異例のシーズンにおける各クラブの対策(後編) 前編に続き、J1各クラブの"過密日程対策"を探るため、7月に行なわれた第2…
異例のシーズンにおける各クラブの対策(後編)
前編に続き、J1各クラブの"過密日程対策"を探るため、7月に行なわれた第2節から第7節までの6節を対象に、今回は選手交代の活用に注目してみたい。
もちろん、すべての選手交代が意図的に行なわれるわけではなく、負傷者の発生など、不測の事態にやむなく対応する場合もあるだろう。それでも、各クラブの動きをまとめて見ることで、全体の傾向をつかむことはできるはずだ。

※順位は第9節終了時点のもの。平均で記した交代人数は小数点2位以下を、交代時間は小数点以下を四捨五入。
表に記したのは、各クラブの「1試合平均の交代人数」、「1人目の平均交代時間」、「3人目の平均交代時間」、「交代選手の得点数(そのうち、同点ゴールや逆転ゴールなど勝ち点獲得に直結した得点数)」、「主な交代得点者(2点以上)」を記している。
今季は特別ルールとして、選手交代が5人まで認められている。その結果、ほとんどのクラブが1試合平均で4人以上を交代させており、すべての試合で5人を交代させているクラブも4つある。試合を見ていても、1人目の交代がハーフタイムに行なわれるケースは珍しくない。
1人目の平均交代時間が50分以内のクラブが多いのは、前半に負傷者が出ている影響もあるのだが、3人目の交代を見ても、ほとんどのクラブが70分前後には行なっており、全体的にベンチの動きは早い。特例ルール下ならではの傾向である。
なかでも選手交代を最も有効に活用しているのが、当該6試合を全勝した川崎フロンターレだ。

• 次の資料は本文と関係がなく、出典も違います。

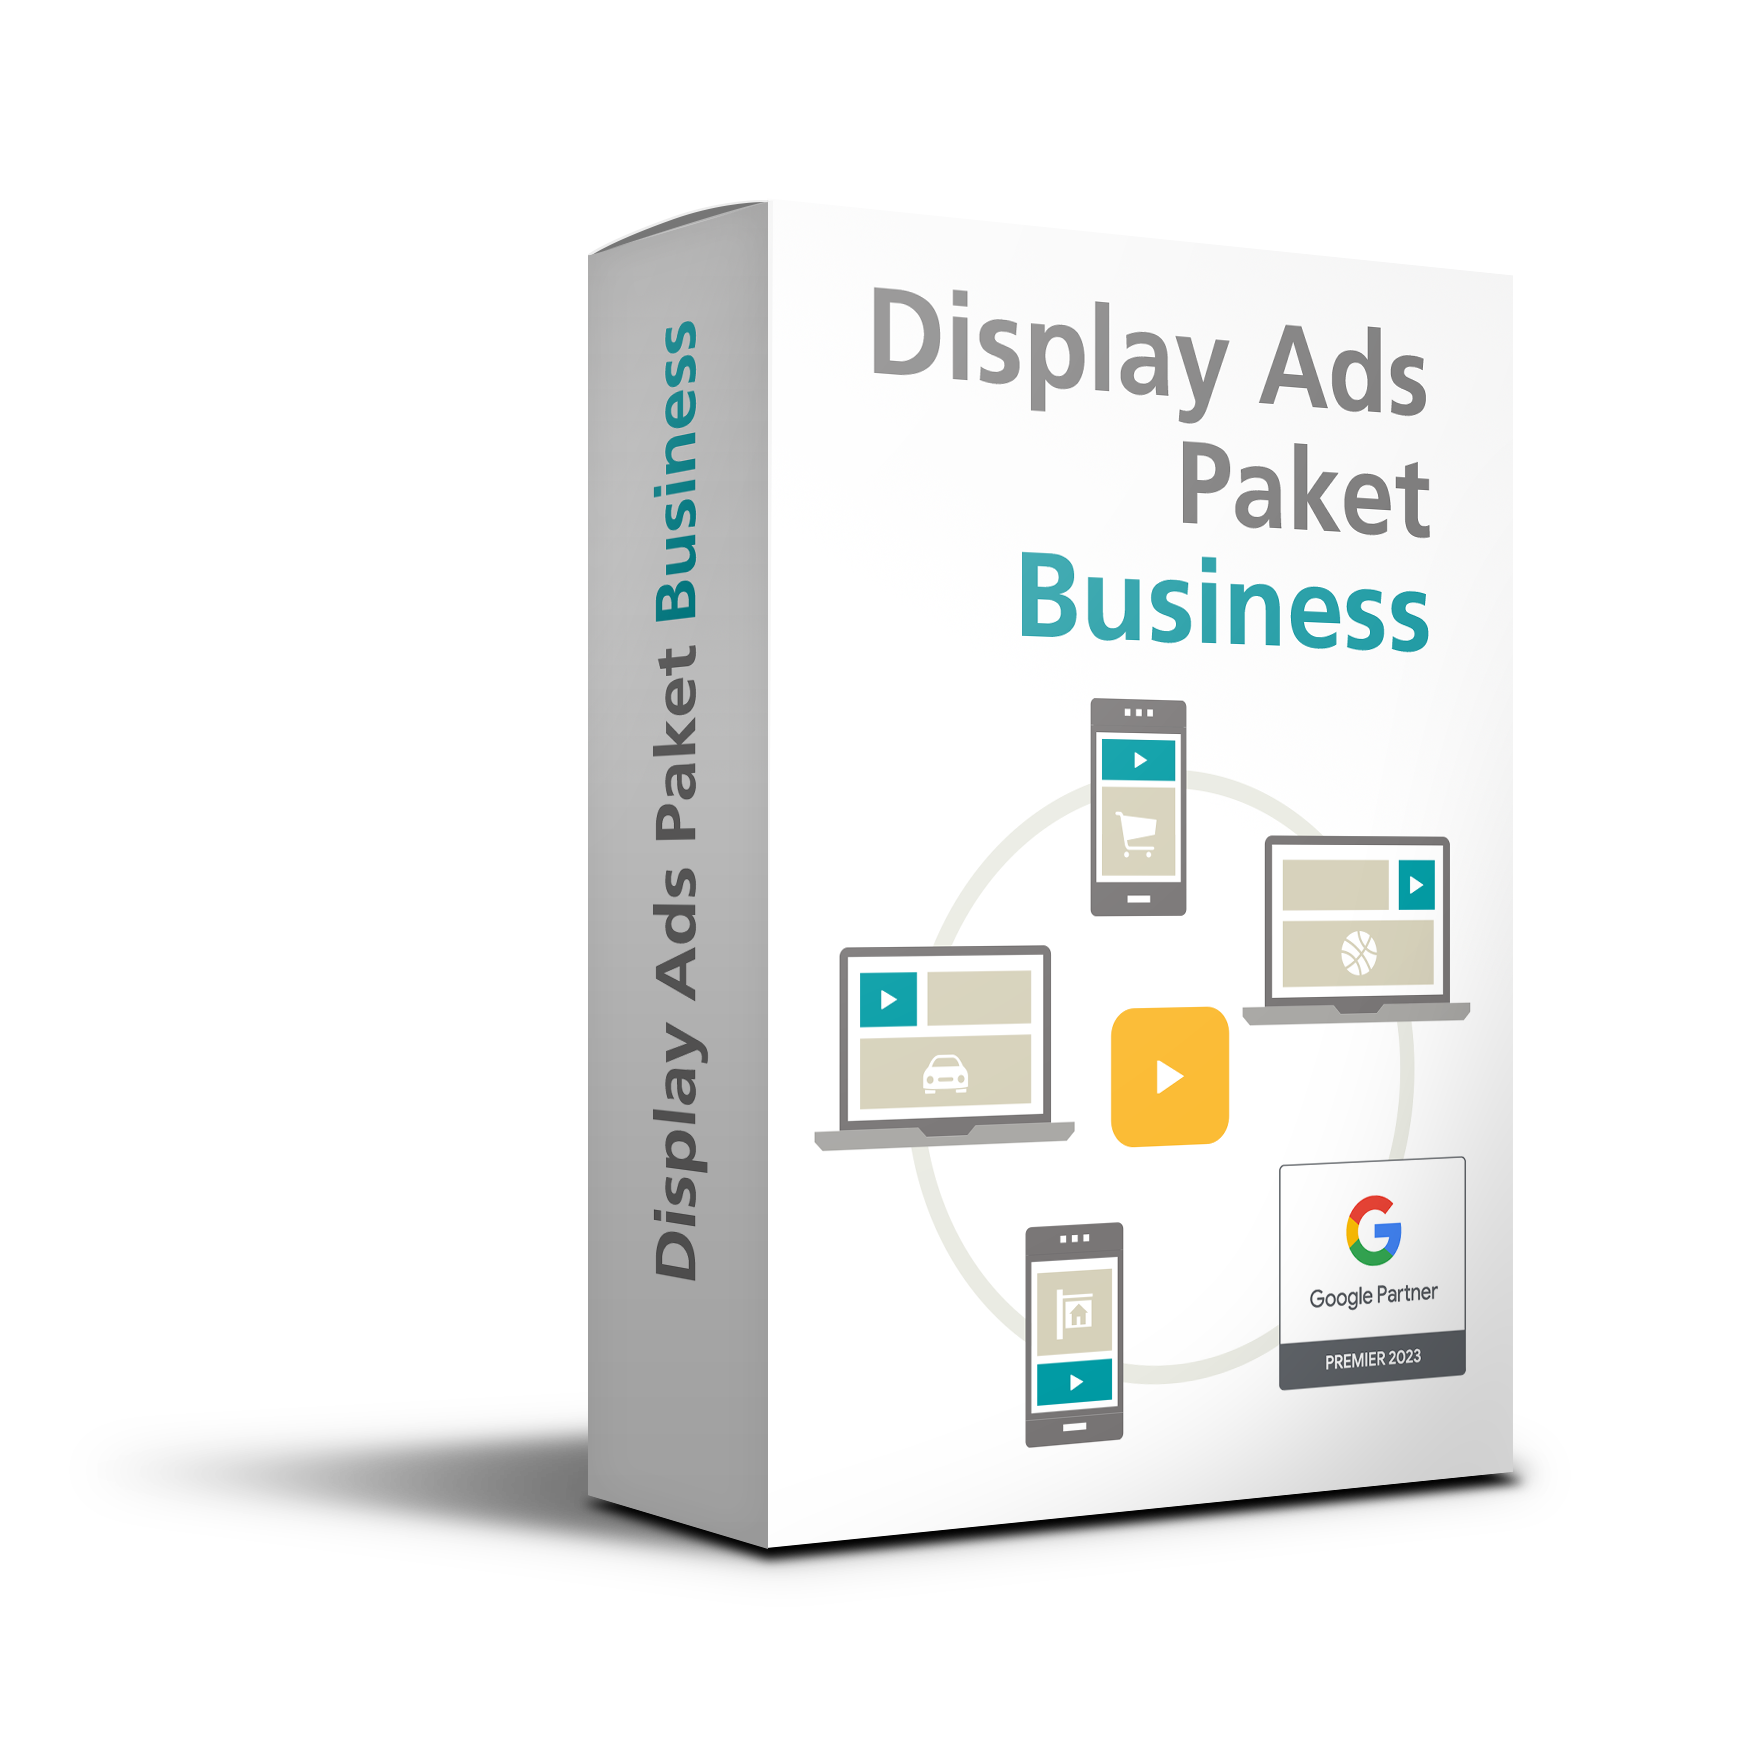 Google Display Ads Paket Business

川崎はすべての試合で交代5枠をフル活用しており、3人目の投入時間は67分と全クラブ中2番目に早い。先発メンバーには固定化傾向が見られた川崎だが、試合中の入れ替えにはかなり積極的だ。

途中出場からでも結果を残している小林悠
しかも、単に選手交代が早くて多い、というだけではない。その質の高さも川崎の武器となっており、交代選手の得点数6は全クラブ中最多。とりわけFW小林悠の勝負強さは抜きん出ており、交代出場だけで4ゴールを決めている。

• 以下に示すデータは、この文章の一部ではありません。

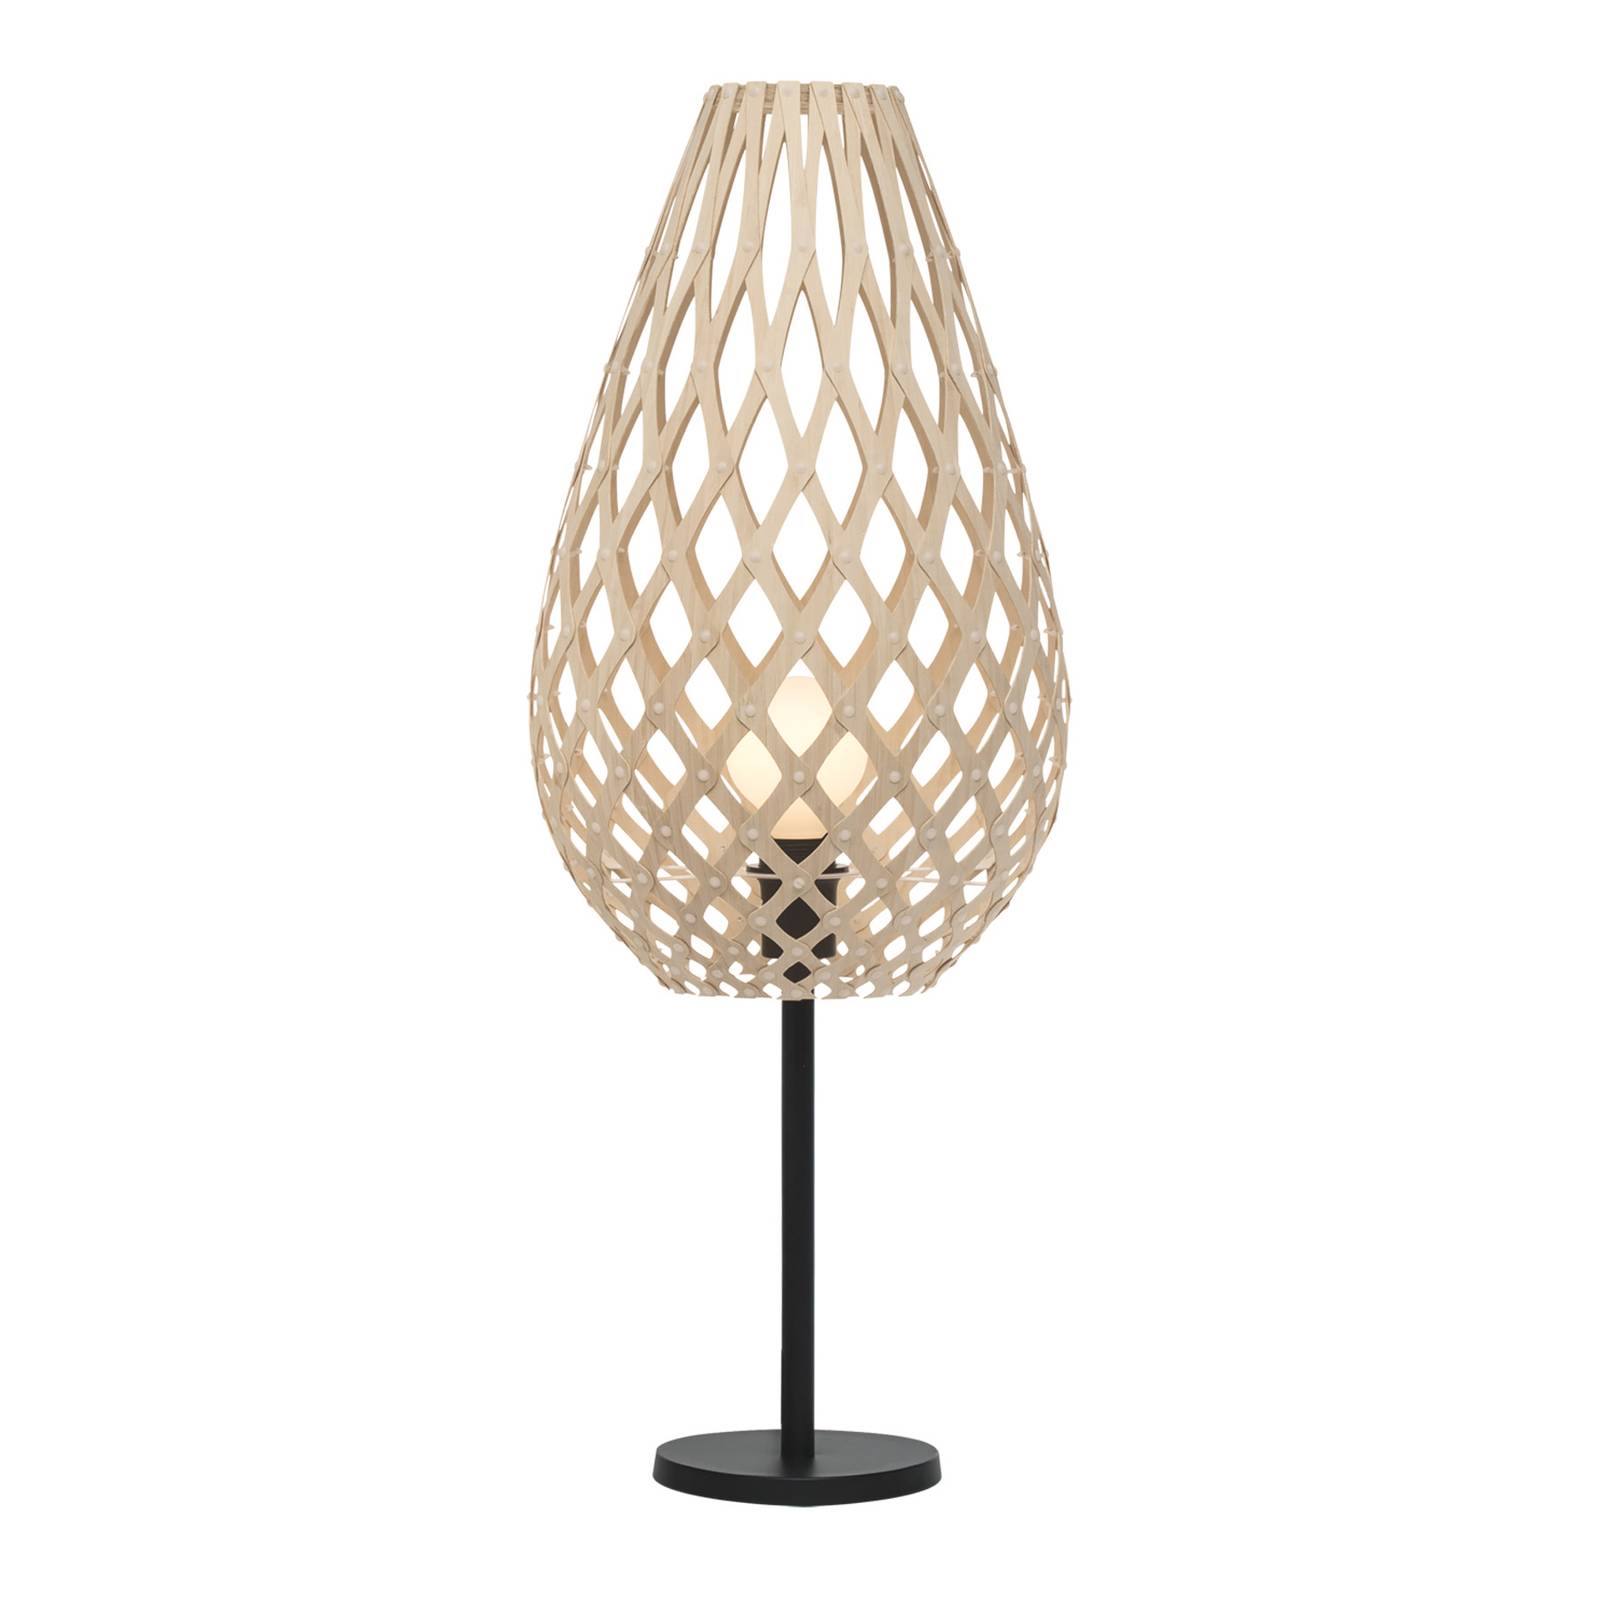 E-shop david trubridge Koura stolová lampa bambus

加えて言えば、小林は今季、ルヴァンカップでも交代出場で2ゴールを挙げており、合計6ゴール。昨季も公式戦合計5ゴールで"交代ゴール得点王"だった小林だが、今季は早くも昨季のゴール数を上回っている。
次いで選手交代の有効活用が目立つのは、大分トリニータである。
交代選手の得点数5と、川崎に次ぐ数字を残している大分は、1試合平均の交代人数も4.7人と多く、先発メンバーの入れ替えも含め、選手のローテーションに積極的な姿勢が目立つ。
同じことは、湘南ベルマーレにも言える。最新順位(第9節終了)で最下位と苦しんではいるが、ローテーションは活発で、FW石原直樹の勝負強さも心強い。

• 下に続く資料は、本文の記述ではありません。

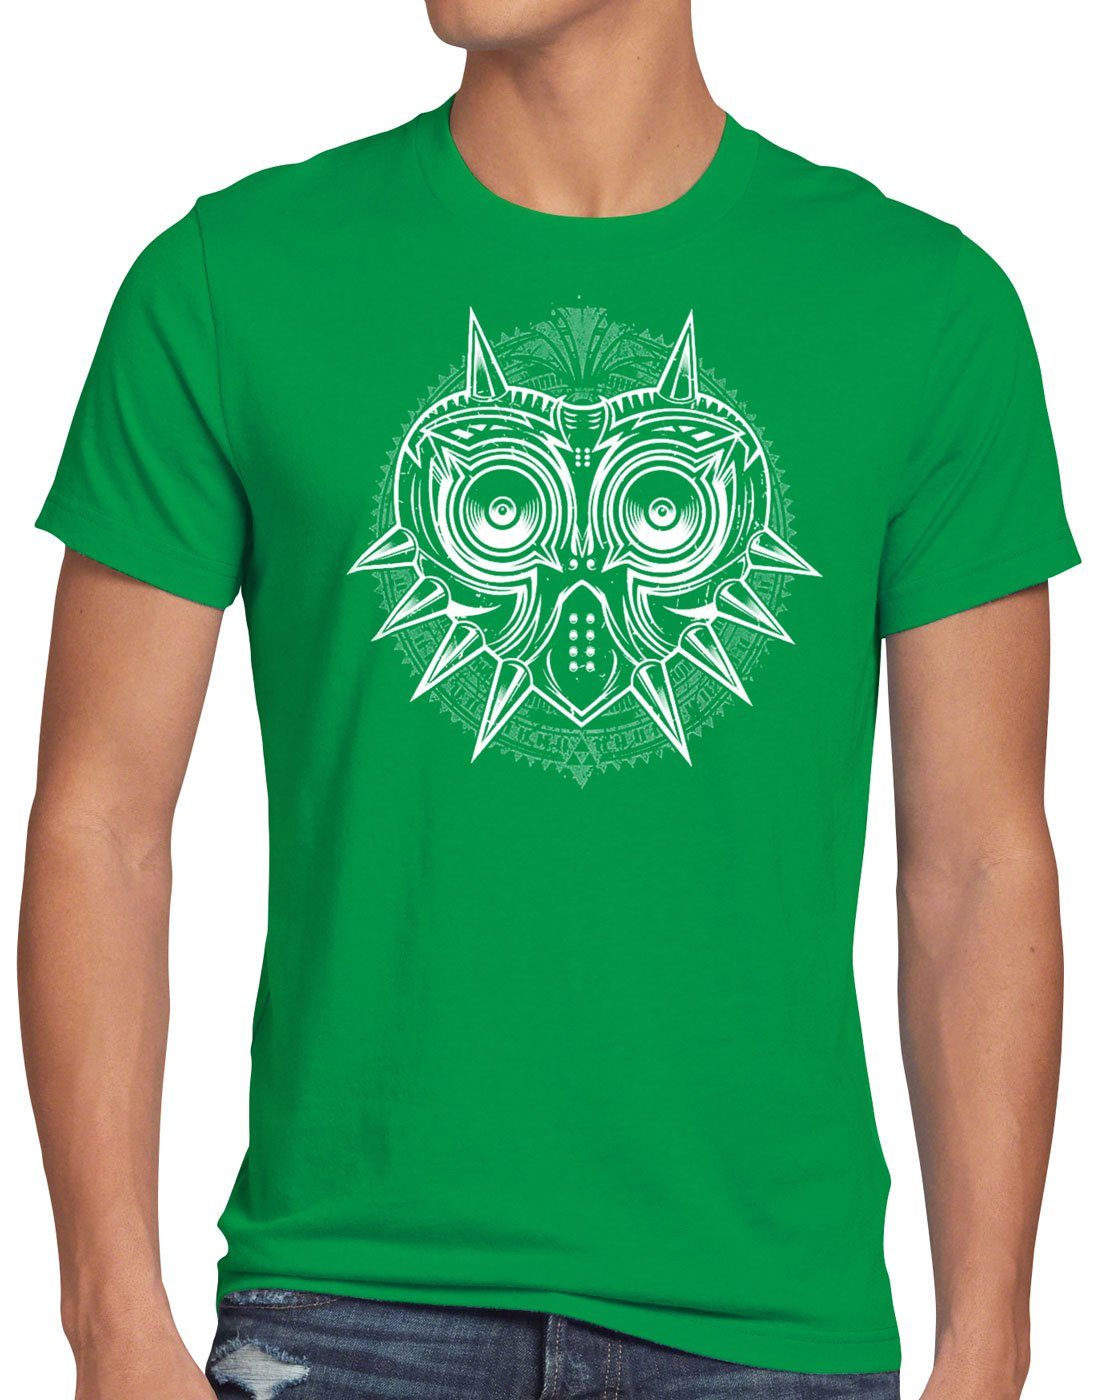 Print-Shirt switch grün n64 Herren T-Shirt style3 link lite ocarina Mask Majora’s

どちらのクラブも、現状では下位に低迷しているが、競馬にたとえるなら、"脚をタメている"状態だと言えるのかもしれない。
対照的に名古屋グランパスは、1試合平均の交代人数が3.8人と少なく、交代枠増の特別ルールをさほど生かしていない。スタートダッシュに成功したとはいえ、先発メンバーの固定化傾向も含めた少数精鋭の戦い方は、今後が心配されるところではある。
さて、交代選手の得点だけを見ると、川崎、大分、FC東京などが目立つが、もちろん、選手交代の効果は直接ゴールを決めることだけにあるわけではない。
試合の流れを変える、あるいは、膠着した試合を動かす、といったことも、交代選手の重要な役割となる。
その点で言えば、セレッソ大阪は、交代選手のゴールが試合を決めたケースこそないものの、3人目以降の選手交代が行なわれたあとに決勝点が決まった試合と、同点に追いついた試合がそれぞれ1試合ずつある。1試合平均の交代人数は4.2人と比較的少ないが、実は目に見える数字以上に選手交代を結果につなげている。
また、FC東京は1人目の平均交代時間が37分という極端な数字を記録しているが、これは前半のうちに度々負傷者が出ていることの影響である。
しかし、そうした不運に見舞われながらも、これだけの勝ち点を重ねているのは、充実した戦力の裏付けがあればこそ。交代ゴール数も4と、川崎、大分に次ぐ数字を残していることからも、それはうかがえる。
その一方で、選手交代を行ないながらも、それが勝ち点獲得につながっていないのが、ベガルタ仙台やサガン鳥栖である。
C大阪などとは逆に、複数の選手交代を行なったあとに同点に追いつかれたり、勝ち越されたりする試合が目立ち、競った試合で選手交代が状況を好転させる材料になっていない。
選手交代の枠が増えたことは、過密日程を乗り切るうえで、間違いなく各クラブの助けになってはいる。しかし、だからといって、どんどん選手を交代させれば、すなわち勝ち点に結びつくわけではない。
むしろ、交代枠増はそれぞれのクラブが有する戦力の充実度を、より際立たせる結果になっているのではないだろうか。